*Problem to solve*: Look through the data below for the line with "Αλεξανδρούπολη: Σε ferry" and the line with "Renault Kangoo prospektus", then transcribe exactly from the first through the second, leaving out all pictures.

*Supplied information*:
***
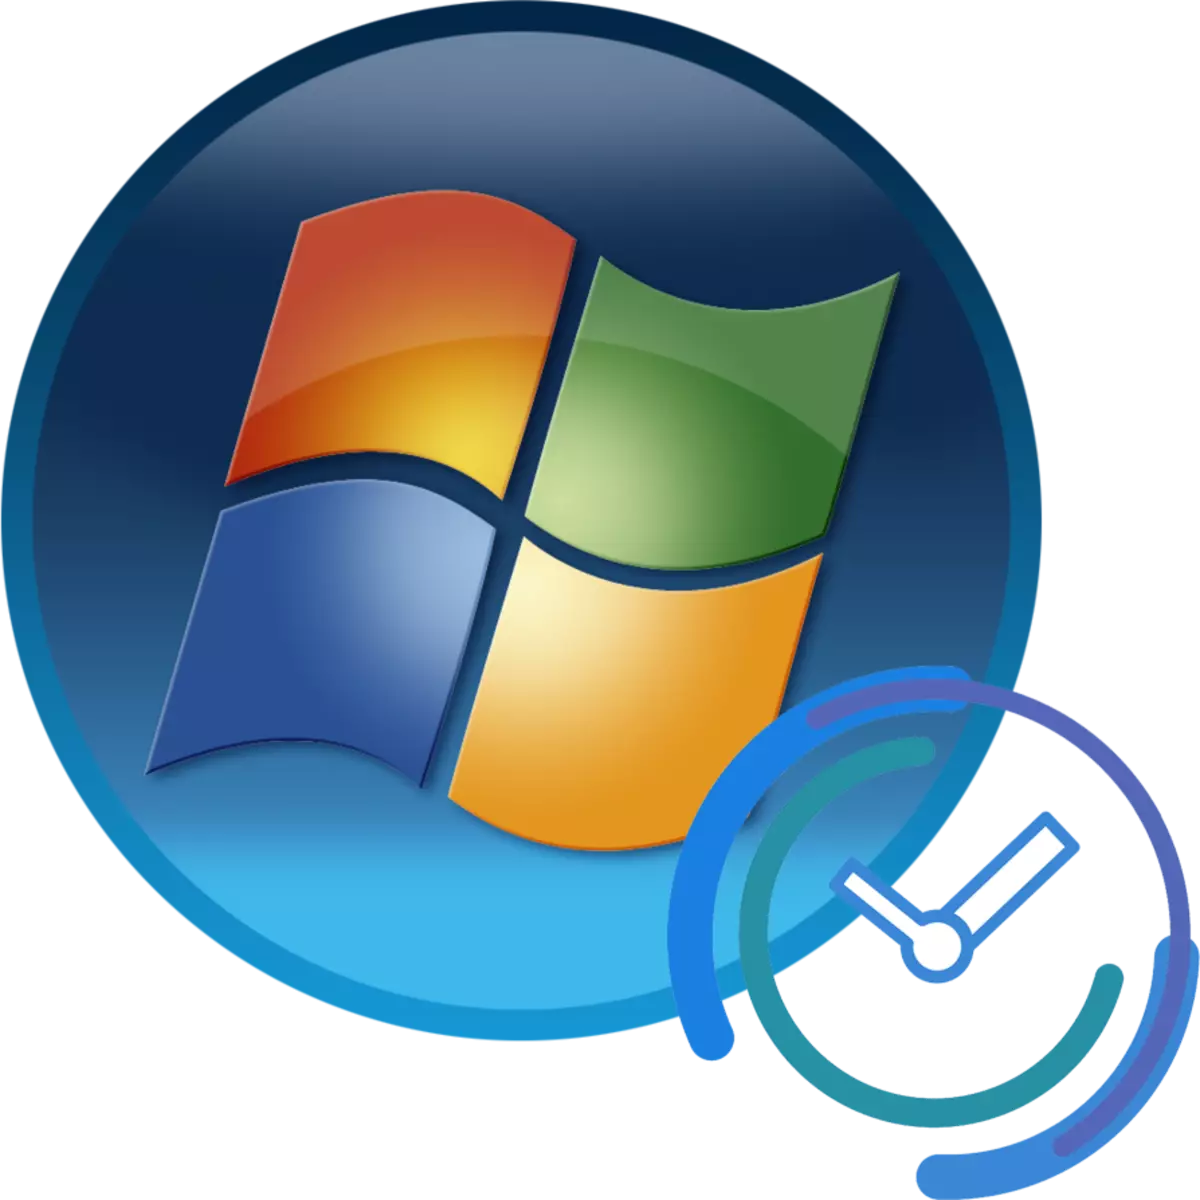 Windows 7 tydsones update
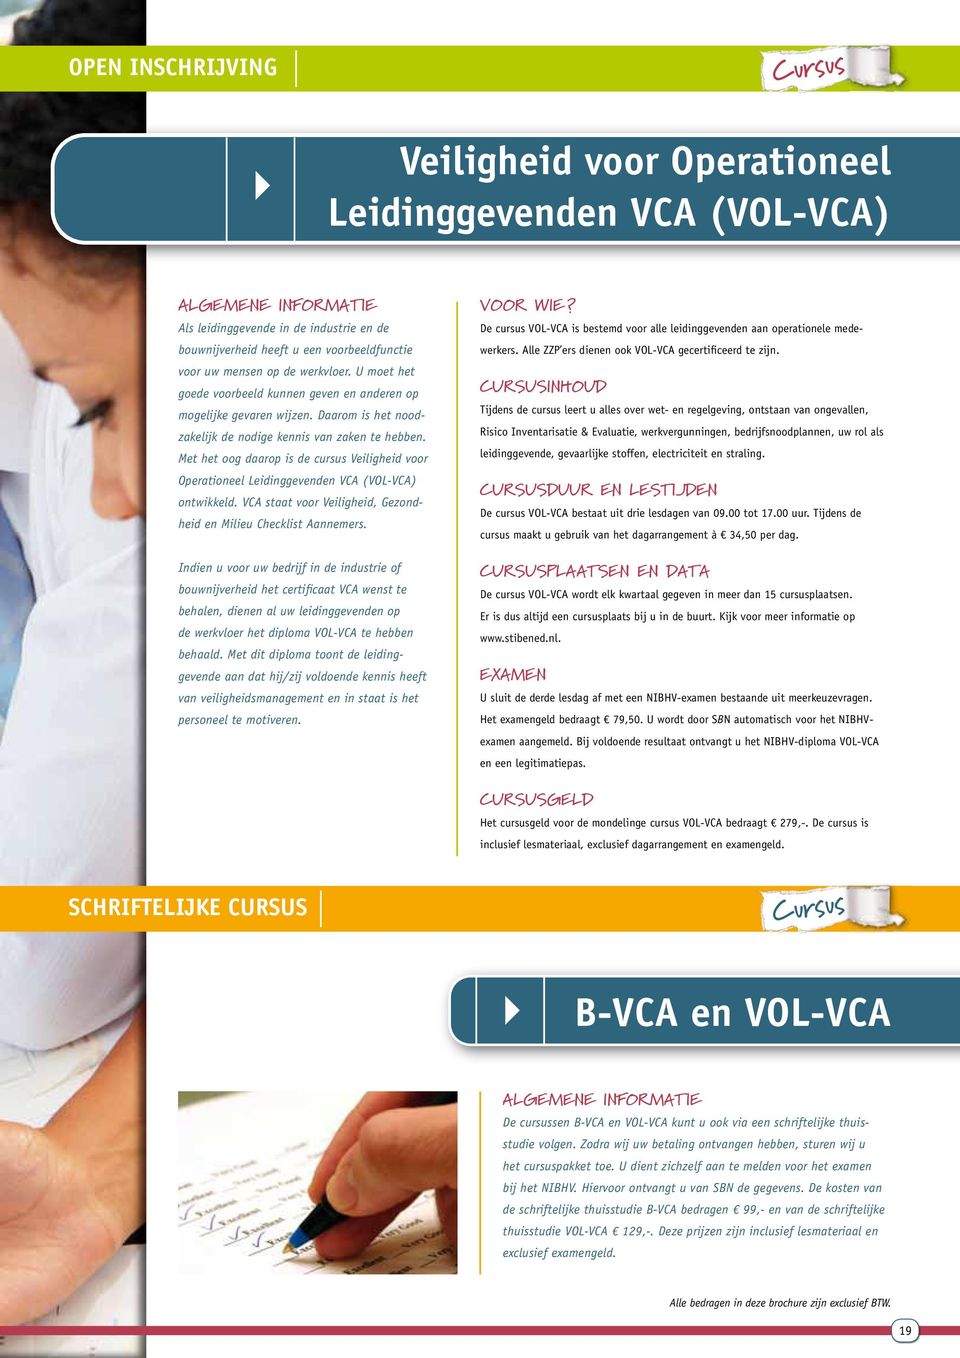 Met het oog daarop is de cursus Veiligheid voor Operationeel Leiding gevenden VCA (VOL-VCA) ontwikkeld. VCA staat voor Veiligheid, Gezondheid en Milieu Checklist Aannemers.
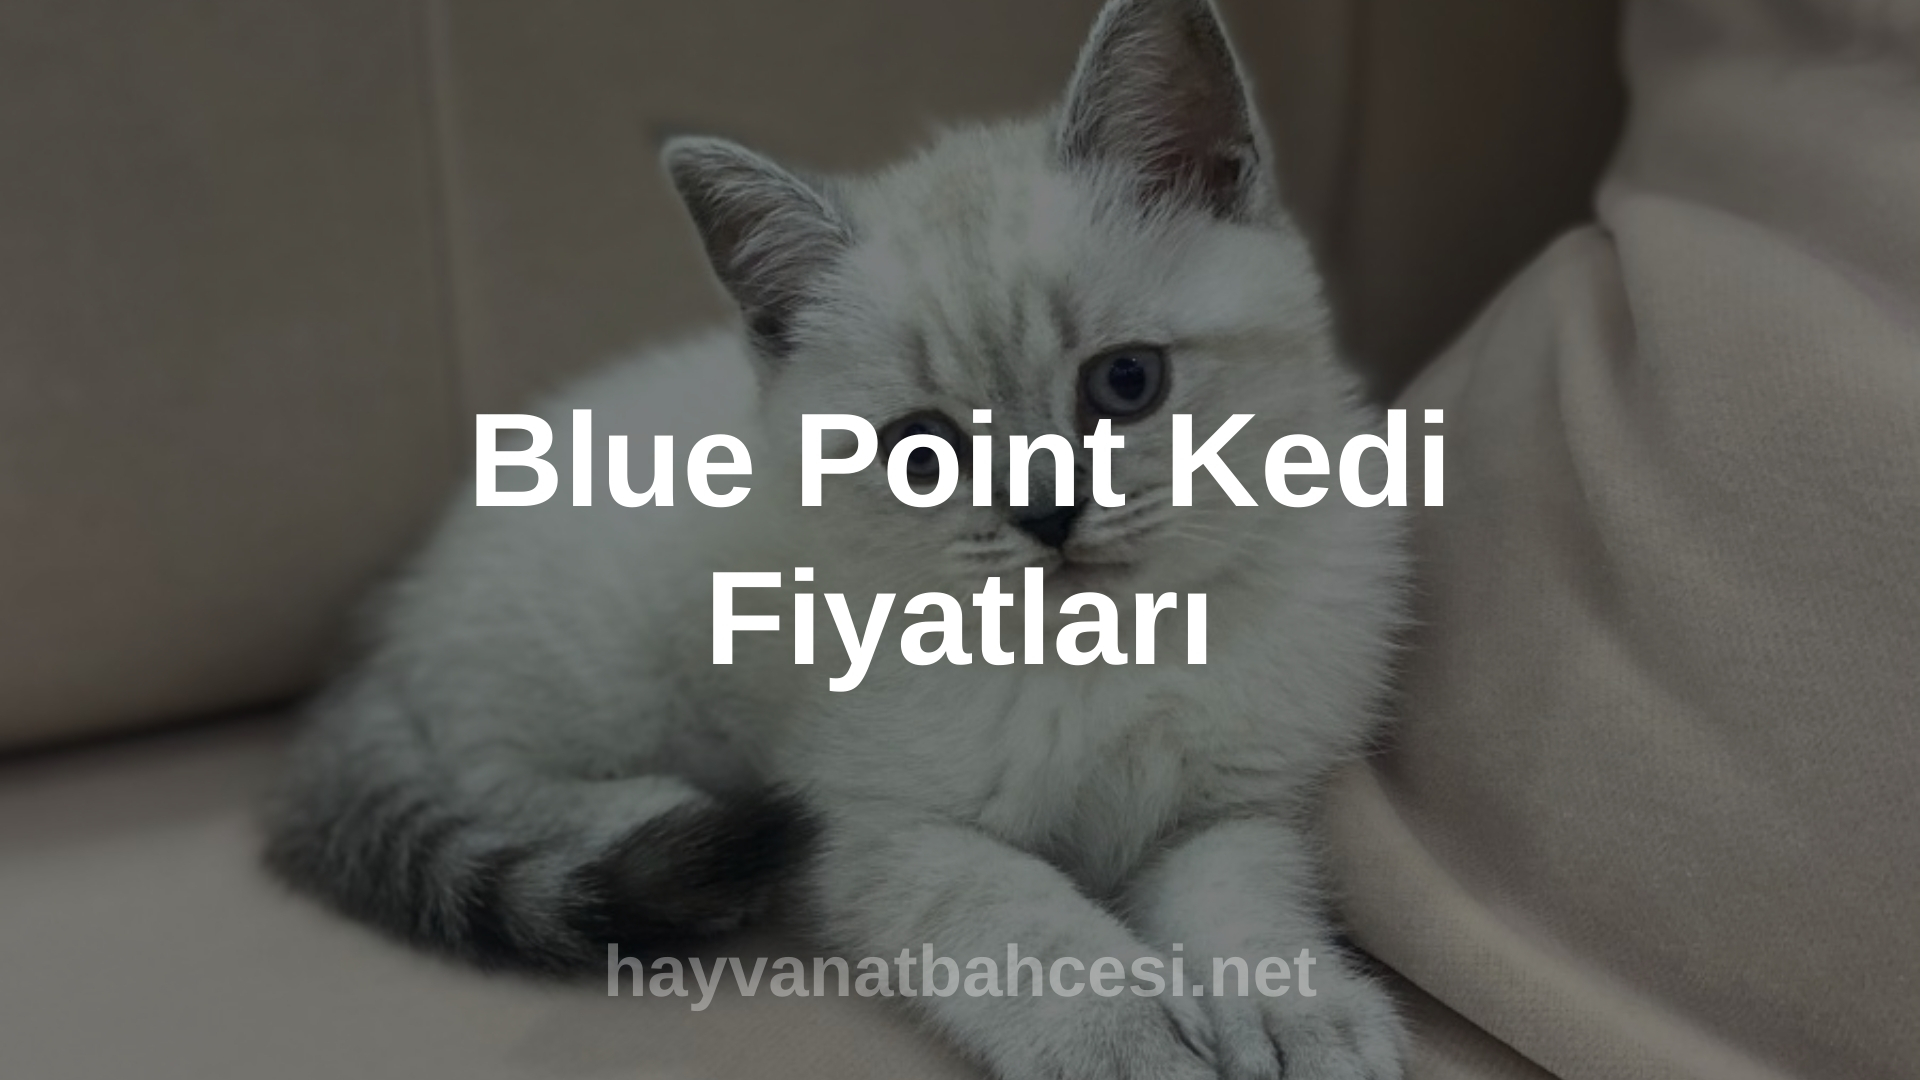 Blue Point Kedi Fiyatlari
***
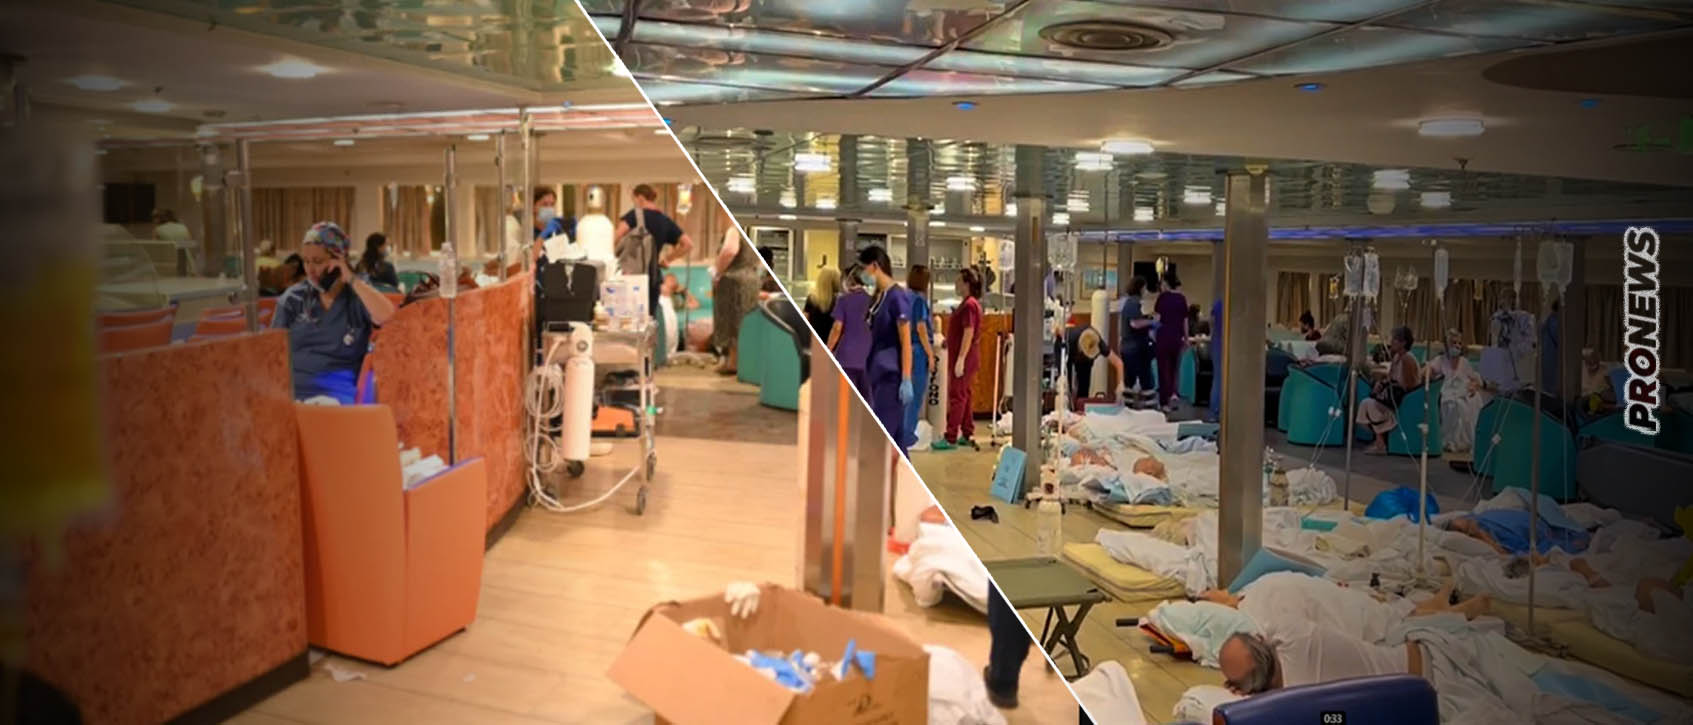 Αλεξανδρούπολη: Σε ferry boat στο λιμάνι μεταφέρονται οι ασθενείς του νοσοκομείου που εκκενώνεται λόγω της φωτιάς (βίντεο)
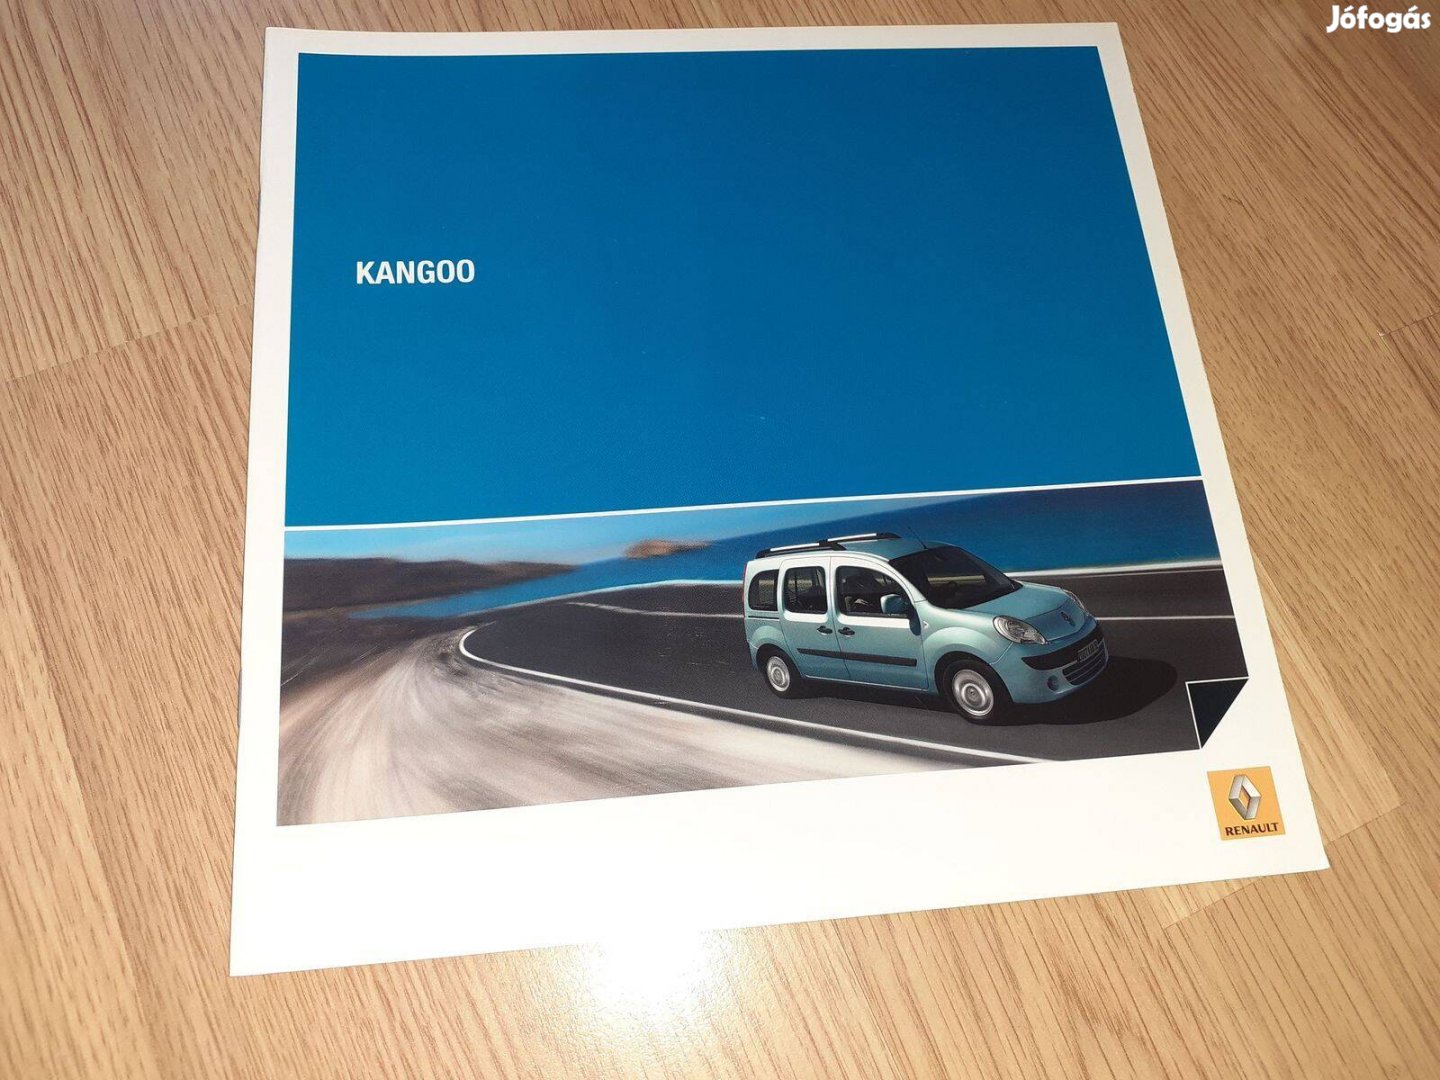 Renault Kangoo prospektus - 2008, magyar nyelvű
***
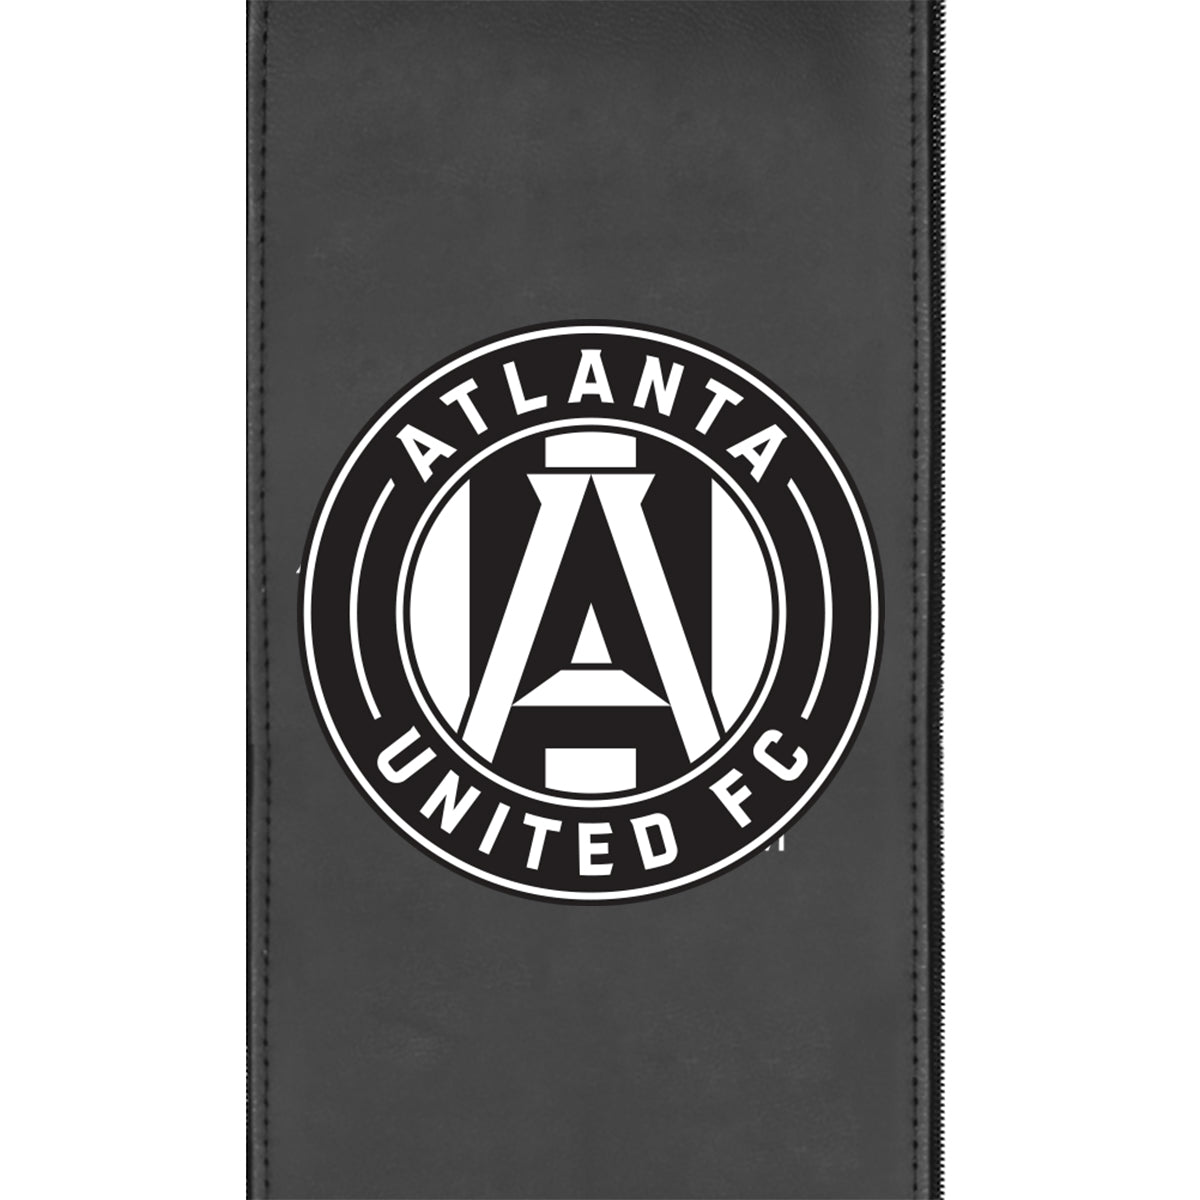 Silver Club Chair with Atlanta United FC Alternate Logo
***
*The answer*:
 Αλεξανδρούπολη: Σε ferry boat στο λιμάνι μεταφέρονται οι ασθενείς του νοσοκομείου που εκκενώνεται λόγω της φωτιάς (βίντεο)
 Renault Kangoo prospektus - 2008, magyar nyelvű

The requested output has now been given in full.